[PROBLEM DETAILS]:
Spot each line in the records below where the word "Collection" occurs, then copy it.

[INPUT]:
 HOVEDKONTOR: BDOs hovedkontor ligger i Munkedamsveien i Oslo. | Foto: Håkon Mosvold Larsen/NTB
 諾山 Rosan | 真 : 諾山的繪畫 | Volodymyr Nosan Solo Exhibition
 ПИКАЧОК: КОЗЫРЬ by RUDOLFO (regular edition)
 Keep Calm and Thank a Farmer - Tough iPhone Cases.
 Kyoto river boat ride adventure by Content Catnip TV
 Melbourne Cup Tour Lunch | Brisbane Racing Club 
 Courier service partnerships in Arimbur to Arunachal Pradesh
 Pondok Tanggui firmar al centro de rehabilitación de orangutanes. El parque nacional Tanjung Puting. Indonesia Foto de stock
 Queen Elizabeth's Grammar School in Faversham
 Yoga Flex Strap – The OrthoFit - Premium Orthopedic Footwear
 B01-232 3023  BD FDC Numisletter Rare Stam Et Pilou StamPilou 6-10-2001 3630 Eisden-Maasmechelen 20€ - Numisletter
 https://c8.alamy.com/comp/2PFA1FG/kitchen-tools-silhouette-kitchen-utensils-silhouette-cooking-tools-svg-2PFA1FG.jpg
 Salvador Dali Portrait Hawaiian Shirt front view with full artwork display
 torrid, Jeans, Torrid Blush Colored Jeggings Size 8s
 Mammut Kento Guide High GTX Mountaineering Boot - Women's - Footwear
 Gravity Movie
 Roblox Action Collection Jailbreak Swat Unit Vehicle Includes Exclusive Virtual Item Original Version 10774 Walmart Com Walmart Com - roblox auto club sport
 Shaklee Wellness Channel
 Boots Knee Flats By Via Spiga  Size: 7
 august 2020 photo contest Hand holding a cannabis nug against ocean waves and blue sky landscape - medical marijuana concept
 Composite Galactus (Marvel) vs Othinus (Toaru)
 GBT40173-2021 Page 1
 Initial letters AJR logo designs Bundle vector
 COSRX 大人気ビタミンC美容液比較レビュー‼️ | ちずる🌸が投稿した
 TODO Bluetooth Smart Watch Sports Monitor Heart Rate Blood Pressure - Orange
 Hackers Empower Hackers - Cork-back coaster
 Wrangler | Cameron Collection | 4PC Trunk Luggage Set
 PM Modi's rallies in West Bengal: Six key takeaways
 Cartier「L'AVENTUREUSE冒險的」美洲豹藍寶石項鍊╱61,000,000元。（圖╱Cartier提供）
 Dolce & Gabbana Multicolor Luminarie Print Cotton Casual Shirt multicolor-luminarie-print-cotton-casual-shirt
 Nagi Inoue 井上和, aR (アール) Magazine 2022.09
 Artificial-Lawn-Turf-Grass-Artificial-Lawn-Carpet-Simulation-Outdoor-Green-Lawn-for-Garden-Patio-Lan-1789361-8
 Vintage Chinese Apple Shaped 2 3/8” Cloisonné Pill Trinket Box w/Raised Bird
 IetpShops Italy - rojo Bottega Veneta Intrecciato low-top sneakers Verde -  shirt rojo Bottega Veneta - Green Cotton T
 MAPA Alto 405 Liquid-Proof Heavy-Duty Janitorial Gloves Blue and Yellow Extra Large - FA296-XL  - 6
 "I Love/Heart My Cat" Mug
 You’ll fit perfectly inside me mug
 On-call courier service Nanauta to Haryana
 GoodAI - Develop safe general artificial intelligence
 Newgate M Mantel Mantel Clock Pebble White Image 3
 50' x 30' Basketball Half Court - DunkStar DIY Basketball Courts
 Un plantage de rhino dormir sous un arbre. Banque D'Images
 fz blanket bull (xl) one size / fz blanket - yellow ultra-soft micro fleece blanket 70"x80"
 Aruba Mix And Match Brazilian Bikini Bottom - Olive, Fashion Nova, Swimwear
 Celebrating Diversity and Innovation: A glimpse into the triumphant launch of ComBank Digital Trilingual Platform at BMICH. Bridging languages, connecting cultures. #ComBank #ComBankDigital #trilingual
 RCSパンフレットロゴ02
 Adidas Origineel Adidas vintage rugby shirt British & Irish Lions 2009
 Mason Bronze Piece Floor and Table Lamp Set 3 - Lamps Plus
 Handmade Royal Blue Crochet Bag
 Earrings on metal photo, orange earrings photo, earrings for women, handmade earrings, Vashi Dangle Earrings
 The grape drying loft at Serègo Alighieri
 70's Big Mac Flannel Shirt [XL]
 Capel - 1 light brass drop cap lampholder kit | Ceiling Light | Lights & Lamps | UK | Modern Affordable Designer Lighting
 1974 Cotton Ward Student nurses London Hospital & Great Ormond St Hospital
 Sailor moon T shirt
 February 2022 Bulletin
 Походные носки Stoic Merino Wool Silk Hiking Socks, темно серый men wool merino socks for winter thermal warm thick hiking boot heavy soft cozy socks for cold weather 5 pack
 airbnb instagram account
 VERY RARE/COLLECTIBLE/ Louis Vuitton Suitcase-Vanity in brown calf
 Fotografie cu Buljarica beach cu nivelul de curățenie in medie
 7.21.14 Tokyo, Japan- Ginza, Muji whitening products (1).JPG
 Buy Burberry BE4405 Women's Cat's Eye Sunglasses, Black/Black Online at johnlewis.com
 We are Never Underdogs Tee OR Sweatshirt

[OUTPUT OF THE TASK]:
 Roblox Action Collection Jailbreak Swat Unit Vehicle Includes Exclusive Virtual Item Original Version 10774 Walmart Com Walmart Com - roblox auto club sport
 Wrangler | Cameron Collection | 4PC Trunk Luggage Set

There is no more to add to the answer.